TASK :: The whole listing below should be printed again exactly, with no images.

DATA SEGMENT ::
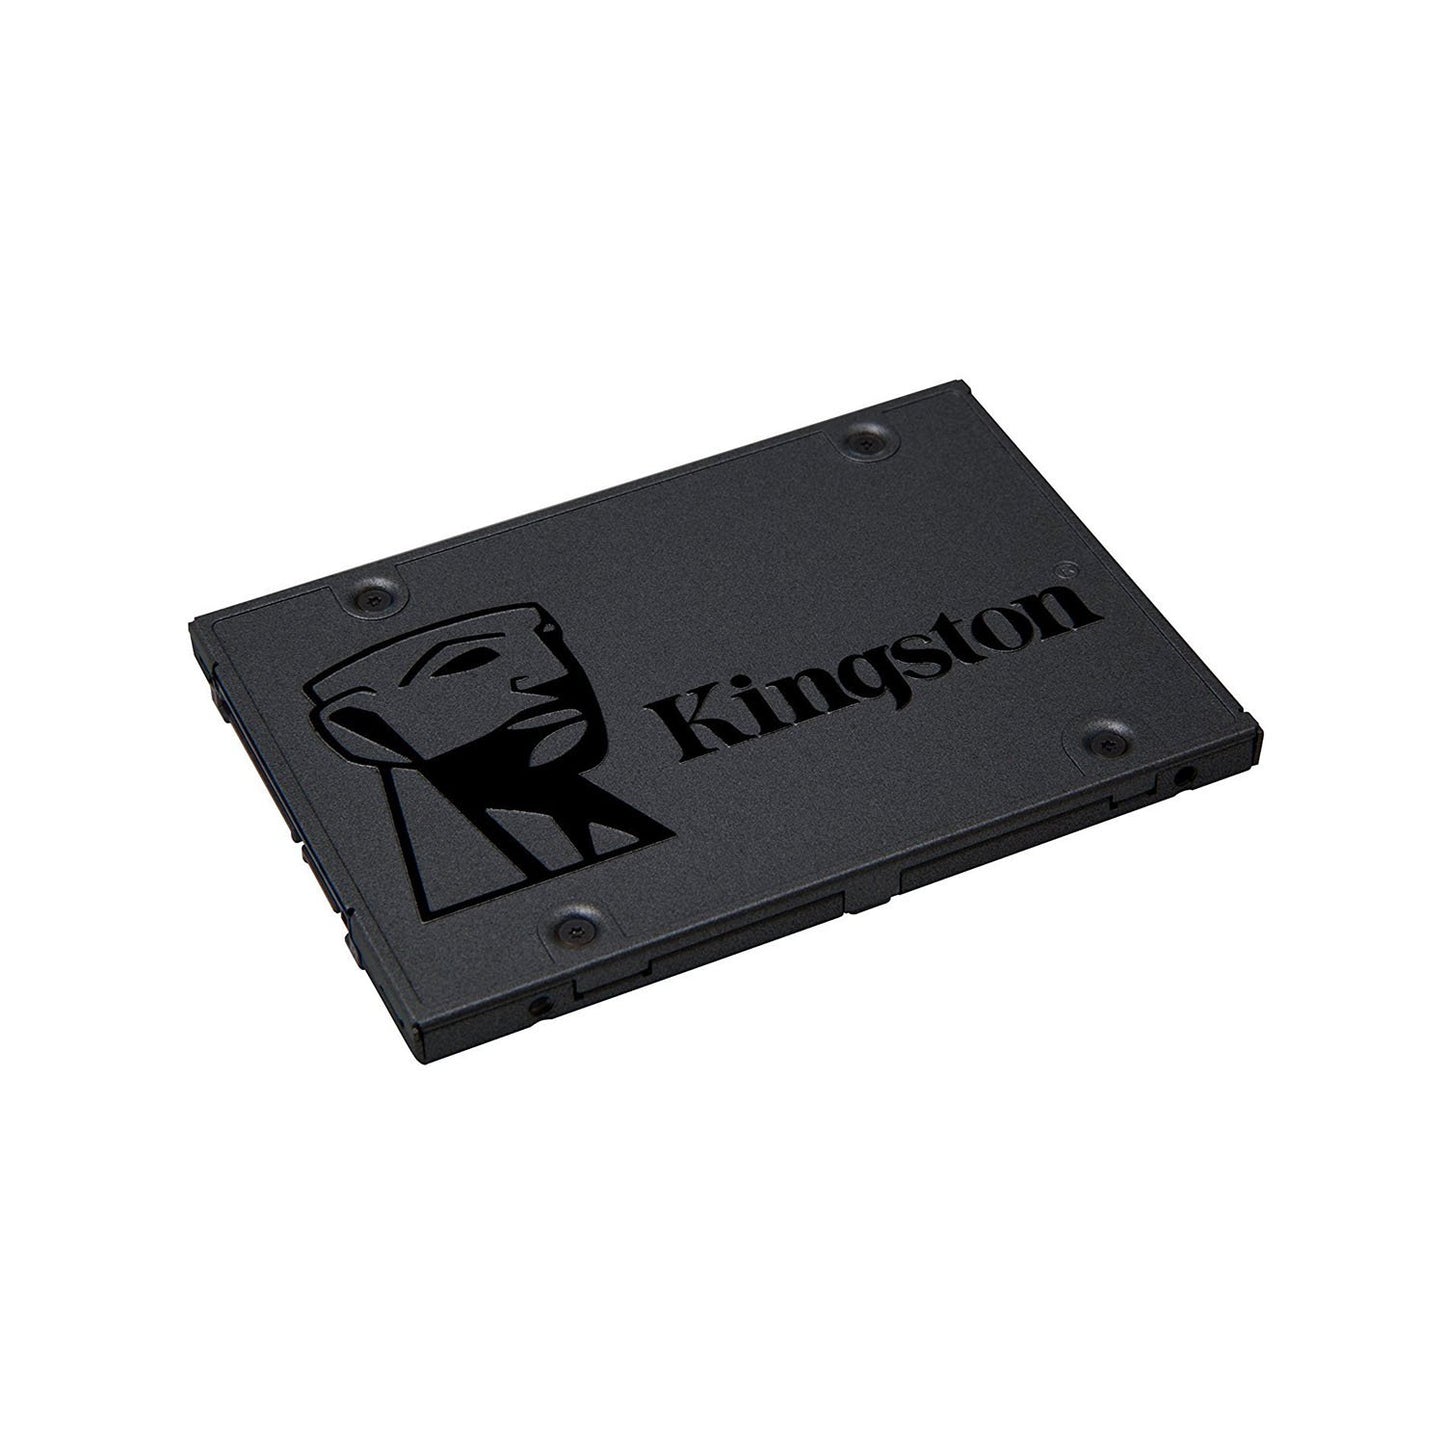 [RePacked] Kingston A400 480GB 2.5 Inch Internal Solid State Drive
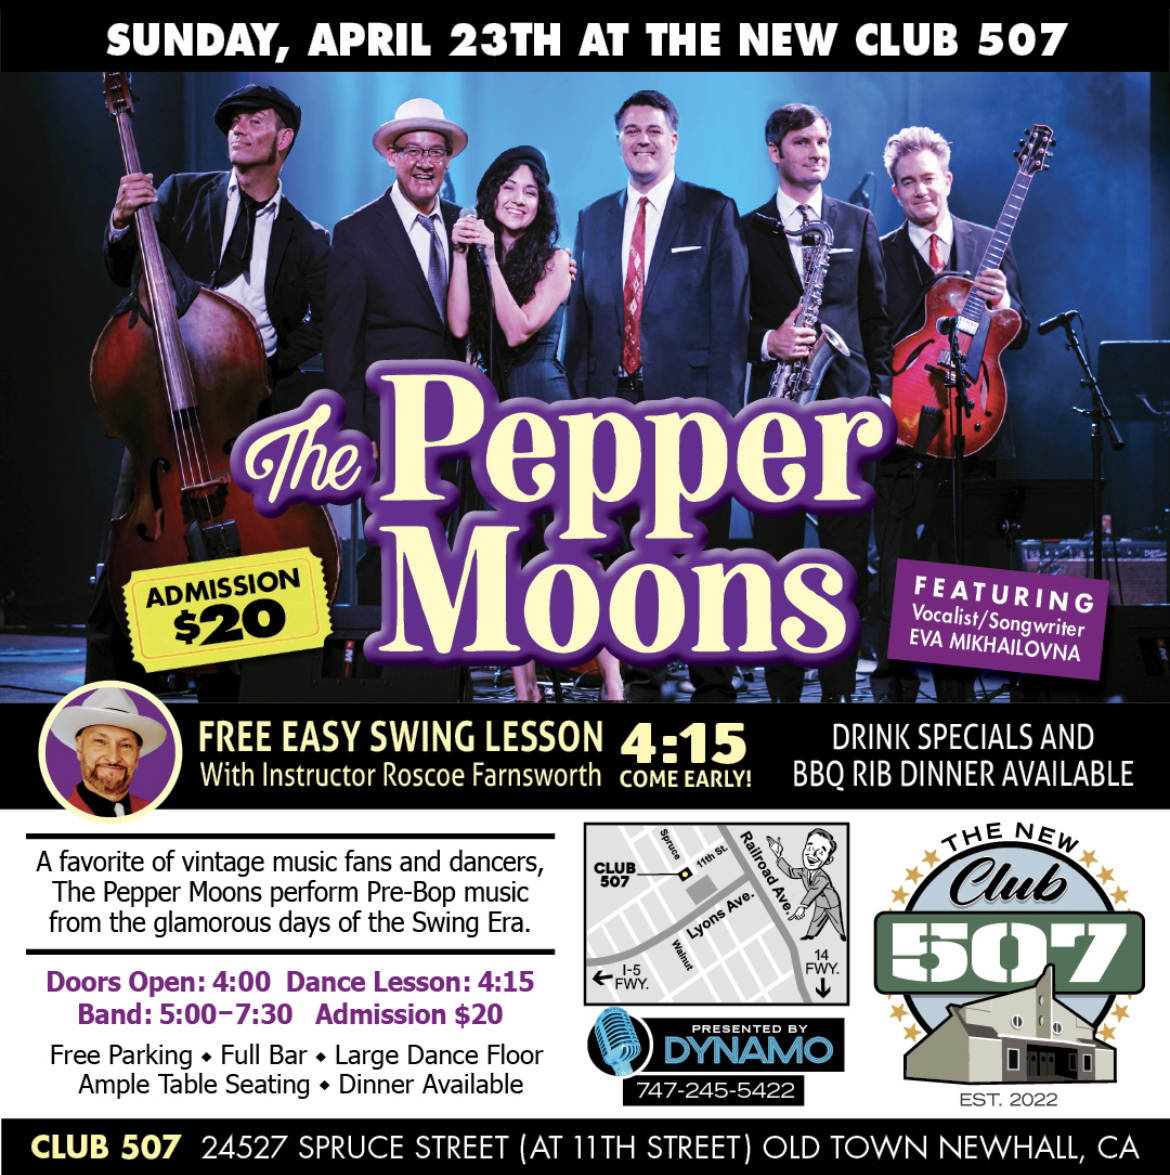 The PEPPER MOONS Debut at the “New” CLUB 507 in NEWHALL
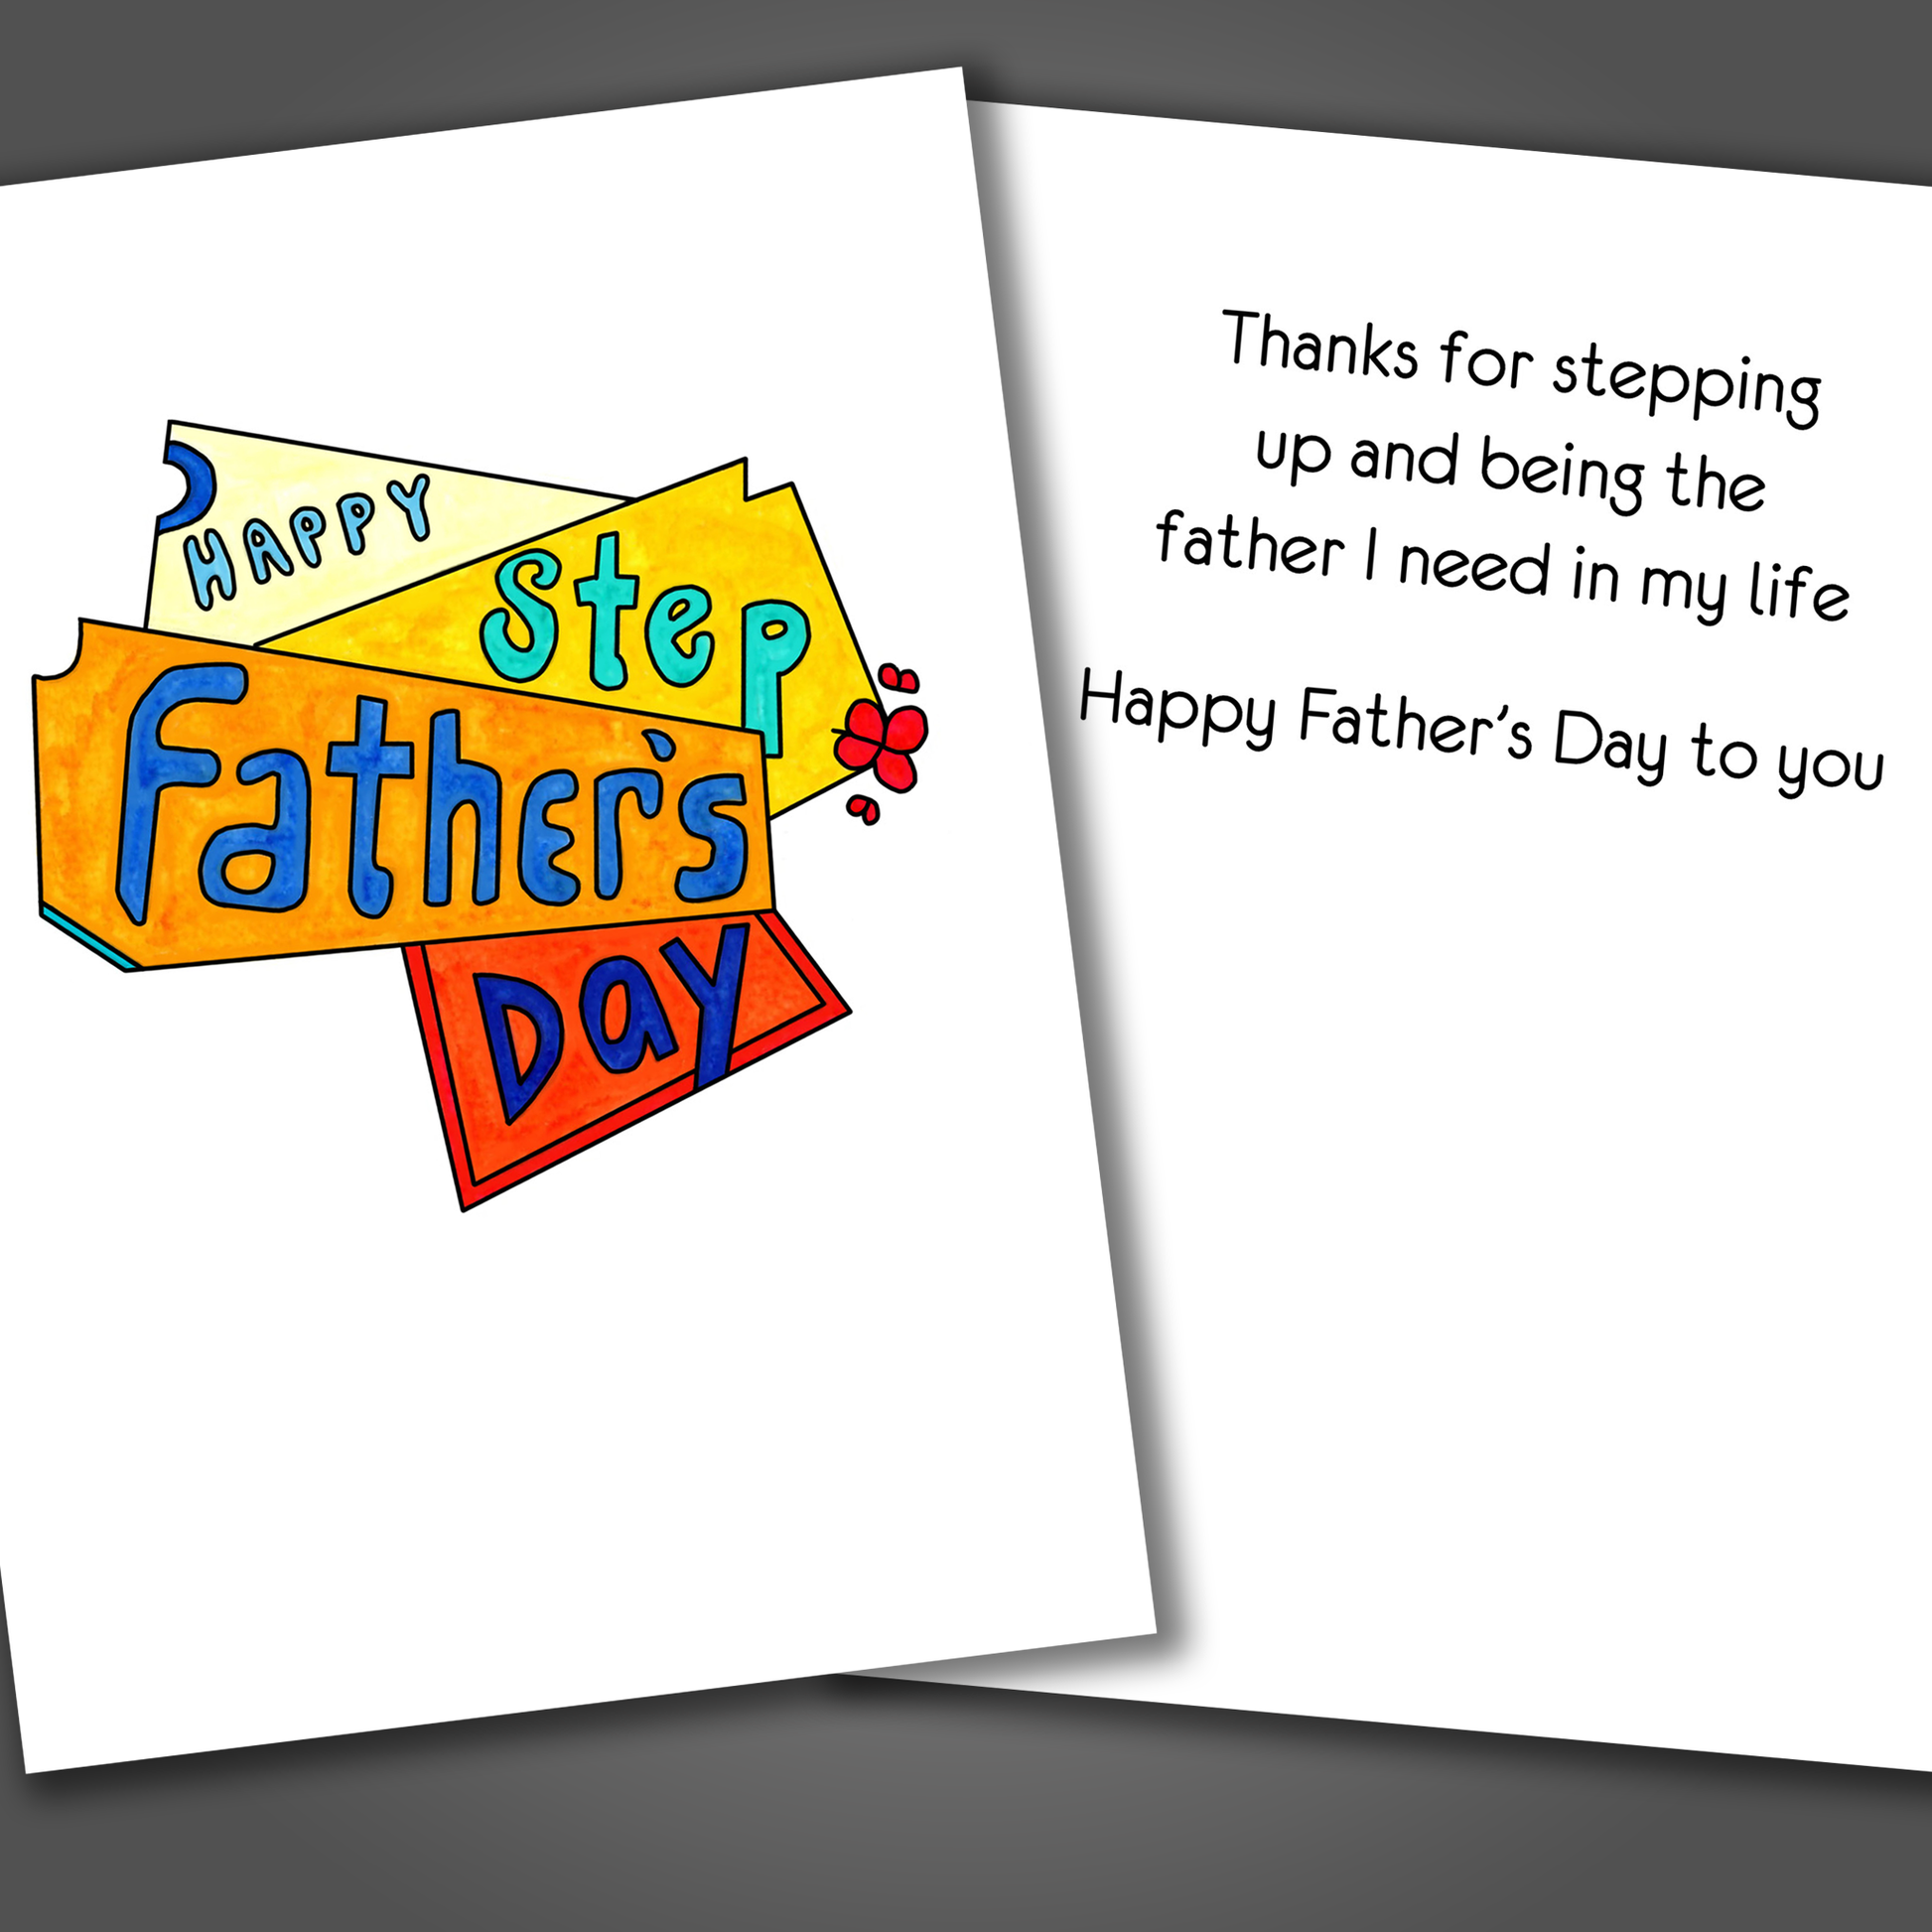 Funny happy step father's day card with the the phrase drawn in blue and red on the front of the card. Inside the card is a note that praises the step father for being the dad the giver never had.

SOLUTION FOR THIS EXERCISE ::
 [RePacked] Kingston A400 480GB 2.5 Inch Internal Solid State Drive
 The PEPPER MOONS Debut at the “New” CLUB 507 in NEWHALL
 Funny happy step father's day card with the the phrase drawn in blue and red on the front of the card. Inside the card is a note that praises the step father for being the dad the giver never had.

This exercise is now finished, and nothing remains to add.